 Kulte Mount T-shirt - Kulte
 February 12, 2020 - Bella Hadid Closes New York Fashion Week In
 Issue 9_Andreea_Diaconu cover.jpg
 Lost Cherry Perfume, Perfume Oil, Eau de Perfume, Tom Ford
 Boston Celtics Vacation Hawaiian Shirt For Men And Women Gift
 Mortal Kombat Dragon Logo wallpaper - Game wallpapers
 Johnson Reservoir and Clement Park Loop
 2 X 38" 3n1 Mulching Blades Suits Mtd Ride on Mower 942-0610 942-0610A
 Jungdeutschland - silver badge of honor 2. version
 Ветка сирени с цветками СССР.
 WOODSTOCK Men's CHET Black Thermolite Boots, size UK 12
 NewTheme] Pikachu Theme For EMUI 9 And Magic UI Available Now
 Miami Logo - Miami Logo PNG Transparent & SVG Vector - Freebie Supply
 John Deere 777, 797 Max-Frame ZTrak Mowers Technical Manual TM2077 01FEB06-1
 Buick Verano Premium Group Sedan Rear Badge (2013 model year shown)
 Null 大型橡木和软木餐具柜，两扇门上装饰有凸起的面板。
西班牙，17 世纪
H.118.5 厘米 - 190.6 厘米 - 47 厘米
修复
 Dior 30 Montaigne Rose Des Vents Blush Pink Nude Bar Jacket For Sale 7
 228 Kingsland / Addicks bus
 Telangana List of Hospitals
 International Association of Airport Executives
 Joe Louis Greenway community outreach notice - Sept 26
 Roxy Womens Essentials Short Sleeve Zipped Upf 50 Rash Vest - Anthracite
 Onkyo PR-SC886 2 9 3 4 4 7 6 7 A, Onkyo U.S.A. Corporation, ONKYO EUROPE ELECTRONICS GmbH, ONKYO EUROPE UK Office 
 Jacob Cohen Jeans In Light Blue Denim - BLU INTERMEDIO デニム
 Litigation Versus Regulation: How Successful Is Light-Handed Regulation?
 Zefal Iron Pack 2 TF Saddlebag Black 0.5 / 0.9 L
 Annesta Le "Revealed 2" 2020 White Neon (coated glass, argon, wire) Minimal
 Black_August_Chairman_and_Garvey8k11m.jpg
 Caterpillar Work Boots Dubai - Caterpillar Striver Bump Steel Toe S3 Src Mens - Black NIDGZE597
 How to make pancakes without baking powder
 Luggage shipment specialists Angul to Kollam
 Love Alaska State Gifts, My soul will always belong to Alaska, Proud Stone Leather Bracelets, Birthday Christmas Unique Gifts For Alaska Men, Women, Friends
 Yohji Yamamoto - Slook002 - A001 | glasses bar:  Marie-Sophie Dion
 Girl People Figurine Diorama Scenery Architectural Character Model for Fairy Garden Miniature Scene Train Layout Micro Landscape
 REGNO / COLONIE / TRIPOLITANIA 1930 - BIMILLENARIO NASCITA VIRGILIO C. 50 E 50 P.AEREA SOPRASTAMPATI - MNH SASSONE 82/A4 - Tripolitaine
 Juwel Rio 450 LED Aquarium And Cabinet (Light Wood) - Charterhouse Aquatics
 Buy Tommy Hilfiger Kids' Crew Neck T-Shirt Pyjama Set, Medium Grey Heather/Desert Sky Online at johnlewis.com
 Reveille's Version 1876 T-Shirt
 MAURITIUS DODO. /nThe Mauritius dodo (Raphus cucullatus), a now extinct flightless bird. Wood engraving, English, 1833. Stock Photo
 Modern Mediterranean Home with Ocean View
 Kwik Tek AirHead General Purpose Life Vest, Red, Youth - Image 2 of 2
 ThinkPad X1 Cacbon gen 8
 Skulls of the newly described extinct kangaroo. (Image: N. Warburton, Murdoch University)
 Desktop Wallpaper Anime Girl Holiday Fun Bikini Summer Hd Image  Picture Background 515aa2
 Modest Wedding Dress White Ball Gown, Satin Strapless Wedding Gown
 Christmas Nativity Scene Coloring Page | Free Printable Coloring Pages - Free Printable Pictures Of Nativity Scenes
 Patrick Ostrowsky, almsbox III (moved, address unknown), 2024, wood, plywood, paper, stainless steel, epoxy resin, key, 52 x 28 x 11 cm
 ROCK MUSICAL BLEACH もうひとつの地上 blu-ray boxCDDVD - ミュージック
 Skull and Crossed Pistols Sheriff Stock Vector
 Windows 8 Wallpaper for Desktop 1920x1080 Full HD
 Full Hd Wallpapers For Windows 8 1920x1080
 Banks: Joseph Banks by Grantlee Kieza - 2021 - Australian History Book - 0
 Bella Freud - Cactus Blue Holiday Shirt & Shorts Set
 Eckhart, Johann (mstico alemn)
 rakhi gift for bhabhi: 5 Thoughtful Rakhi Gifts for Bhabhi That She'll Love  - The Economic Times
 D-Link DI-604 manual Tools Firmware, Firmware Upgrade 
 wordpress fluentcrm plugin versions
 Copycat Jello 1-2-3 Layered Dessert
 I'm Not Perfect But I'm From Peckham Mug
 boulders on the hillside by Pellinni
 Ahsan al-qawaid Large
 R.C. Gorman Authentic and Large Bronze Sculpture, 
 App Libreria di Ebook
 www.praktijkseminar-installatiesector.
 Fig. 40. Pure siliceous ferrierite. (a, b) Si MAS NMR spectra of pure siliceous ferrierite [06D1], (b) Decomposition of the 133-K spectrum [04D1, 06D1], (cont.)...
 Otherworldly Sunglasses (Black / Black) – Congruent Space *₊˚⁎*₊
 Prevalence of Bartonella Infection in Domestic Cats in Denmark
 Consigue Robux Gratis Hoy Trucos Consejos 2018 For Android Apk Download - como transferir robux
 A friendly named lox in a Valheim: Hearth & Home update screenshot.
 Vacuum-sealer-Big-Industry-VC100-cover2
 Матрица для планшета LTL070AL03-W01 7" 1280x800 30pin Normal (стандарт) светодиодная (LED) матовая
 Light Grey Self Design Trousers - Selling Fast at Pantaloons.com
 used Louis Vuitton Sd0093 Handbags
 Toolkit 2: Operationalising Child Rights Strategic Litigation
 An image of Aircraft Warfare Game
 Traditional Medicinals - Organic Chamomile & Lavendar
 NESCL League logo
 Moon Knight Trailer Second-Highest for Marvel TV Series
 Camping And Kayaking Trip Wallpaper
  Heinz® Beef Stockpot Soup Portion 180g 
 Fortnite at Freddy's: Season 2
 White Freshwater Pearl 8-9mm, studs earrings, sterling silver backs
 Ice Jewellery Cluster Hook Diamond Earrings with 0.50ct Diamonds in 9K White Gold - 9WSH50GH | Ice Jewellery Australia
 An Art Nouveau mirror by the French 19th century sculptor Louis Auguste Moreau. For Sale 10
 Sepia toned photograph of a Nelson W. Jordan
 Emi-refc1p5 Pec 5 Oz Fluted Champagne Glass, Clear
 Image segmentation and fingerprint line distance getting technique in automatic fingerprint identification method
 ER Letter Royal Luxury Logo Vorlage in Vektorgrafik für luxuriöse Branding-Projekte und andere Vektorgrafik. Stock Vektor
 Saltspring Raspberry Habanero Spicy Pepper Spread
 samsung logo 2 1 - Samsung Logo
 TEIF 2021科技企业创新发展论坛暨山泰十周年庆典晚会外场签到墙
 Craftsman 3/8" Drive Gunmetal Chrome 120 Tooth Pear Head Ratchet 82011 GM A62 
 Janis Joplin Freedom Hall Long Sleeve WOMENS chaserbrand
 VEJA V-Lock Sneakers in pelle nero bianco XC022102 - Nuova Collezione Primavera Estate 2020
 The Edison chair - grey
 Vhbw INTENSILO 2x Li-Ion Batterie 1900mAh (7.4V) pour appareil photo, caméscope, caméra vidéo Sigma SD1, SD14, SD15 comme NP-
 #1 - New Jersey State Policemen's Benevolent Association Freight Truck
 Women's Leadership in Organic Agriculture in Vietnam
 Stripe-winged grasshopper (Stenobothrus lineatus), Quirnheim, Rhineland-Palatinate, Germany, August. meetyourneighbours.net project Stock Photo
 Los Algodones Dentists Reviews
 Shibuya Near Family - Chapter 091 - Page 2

★ ★ ★ ★

● Your goal: When a line of the records holds the word "Sleeve", copy that line.

● Response area:
 Roxy Womens Essentials Short Sleeve Zipped Upf 50 Rash Vest - Anthracite
 Janis Joplin Freedom Hall Long Sleeve WOMENS chaserbrand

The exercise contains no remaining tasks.